Because of the regulations requiring California to use renewable energy, it won’t be able to use all its renewable energy, and will have to throw part of the energy away.
I must confess to a great fondness for the law of unintended consequences. It involves us in situations of delicious irony all the time. You see, here in California, in order to be “renewable”, it’s not enough that power be hydroelectric. This is California, and we require better green credentials than the fact that hydroelectric is renewable to declare it “renewable”. You might think I’m kidding. Unfortunately, I’m not. Here is the California Independent System Operator (CAISO) report for the energy mix on Monday the 11th of April 2011:
Figure 1. Where California gets its electricity. Note that the top section, “Hydro[electric]”, is not counted with the “Renewables”.
Under the law requiring 33% renewables, any large-scale hydroelectric plant is not considered “renewable”. What the law calls “renewables” were about 15% of the total in 2009, and hydroelectricity was about 20%. So in fact, in California we are already getting 33% of our power from renewable sources … but that’s not good enough for the nuts and flakes, who could have guessed? Under the goofball definition in the law, most of our renewable energy doesn’t count as renewable energy. Figure 2 shows what’s included in the California so-called “Renewables” mix:
Figure 2. Renewable energy generation in California, 11 April 2011
So from the bottom up we have geothermal, biomass, biogas, small hydroelectric, wind, and solar … but no regular old, boring, and definitely renewable hydroelectric power.

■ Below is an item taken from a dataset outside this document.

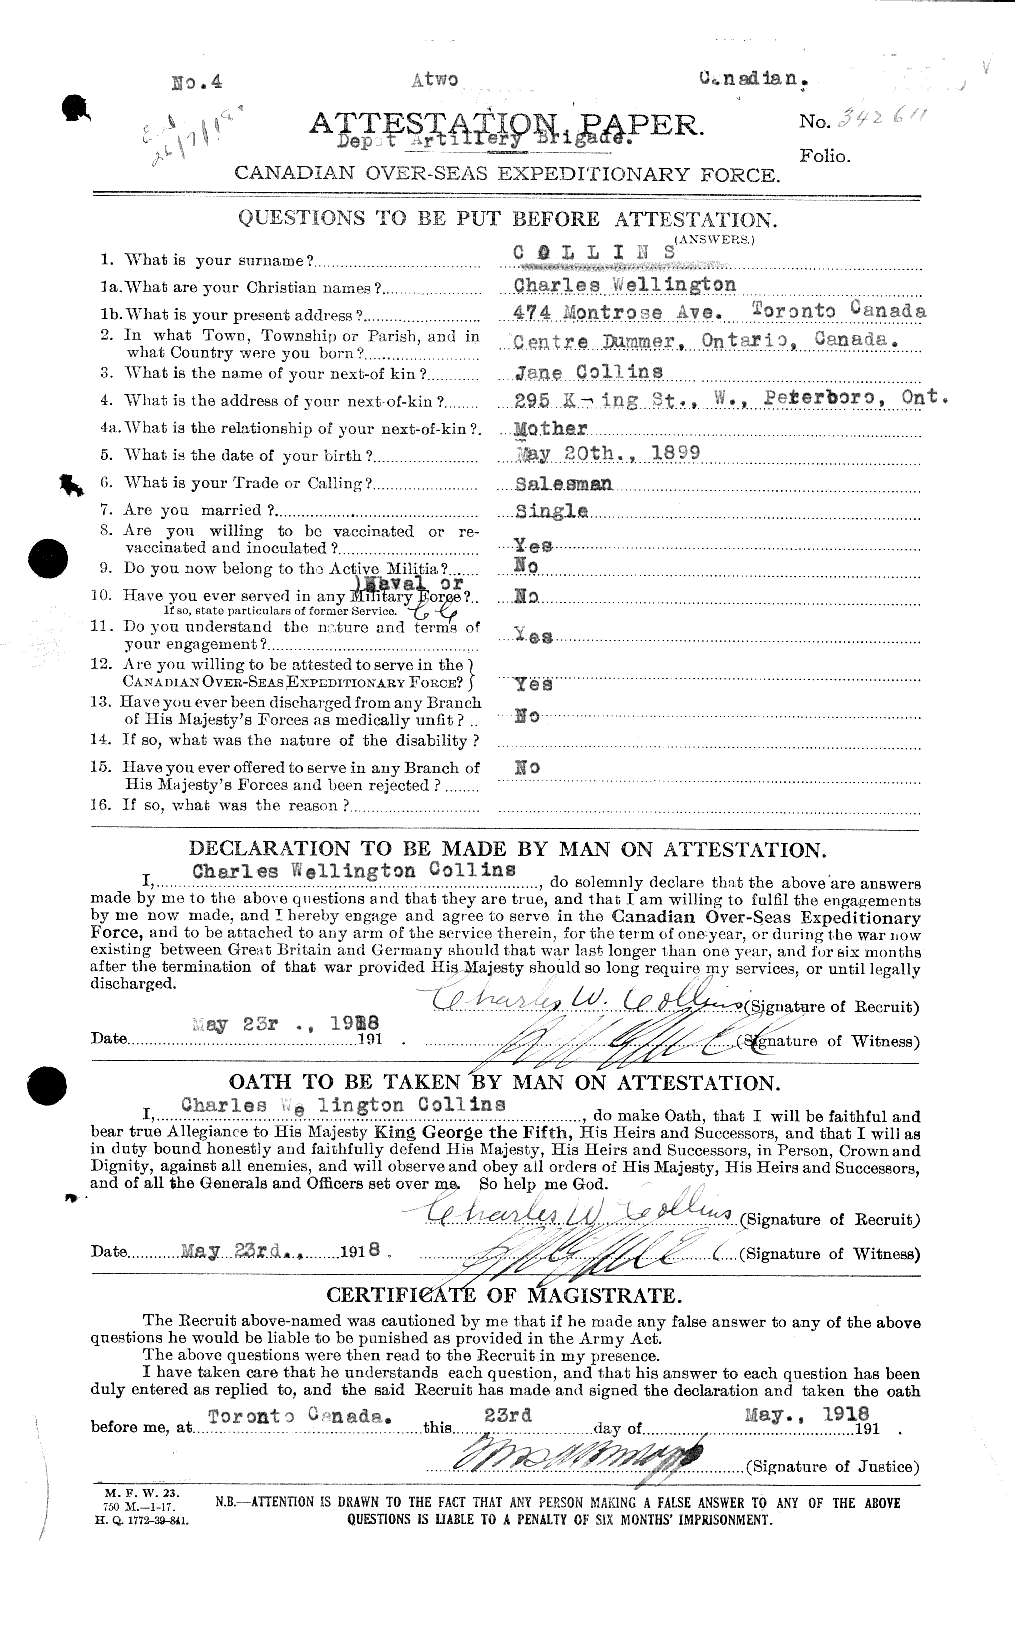 Personnel Records of the First World War - CEF 029043a

Here’s one of the problems with this nonsense, from the Seattle Times :
Wind-power producers fight possible shutdown of turbines
PORTLAND — Pacific Northwest wind-power producers are battling a proposal that could force them to periodically shut down their plants in the months ahead, potentially costing them millions of dollars in lost revenue.
Bonneville Power Administration (BPA) officials say that limiting wind production could be required to free up space in the regional transmission system to handle hydropower generated from the melt-off of a huge mountain snowpack this year.
“We’re looking at doing everything we can to avoid the shutdowns but you have to be able to do something when your back is against the wall,” said Doug Johnson, a BPA spokesman.
… The BPA manages the regional power-supply system by balancing, minute by minute, the flow of electricity surging through the system with demand.
As the wind industry expands, the BPA has found it more difficult to transmit all that power and still meet other responsibilities, which include selling hydro power outside the region and spilling water over dams to aid the passage of migrating salmon.
Last June, the BPA balancing effort turned into a high-wire act as a late snow melt unleashed a gusher of water down the Columbia River at the same time that winds whipped up the power turbines.
BPA officials said that they couldn’t divert all the water around the hydroelectric turbines without putting too much dissolved gas into the river and placing salmon at risk. So they ended up running more water through the dam turbines and giving away their surplus power to utilities all over the West.
That spurred the agency to develop a new proposal to periodically shut down wind-power farms to help balance loads. The plan was embraced by public utilities across the region.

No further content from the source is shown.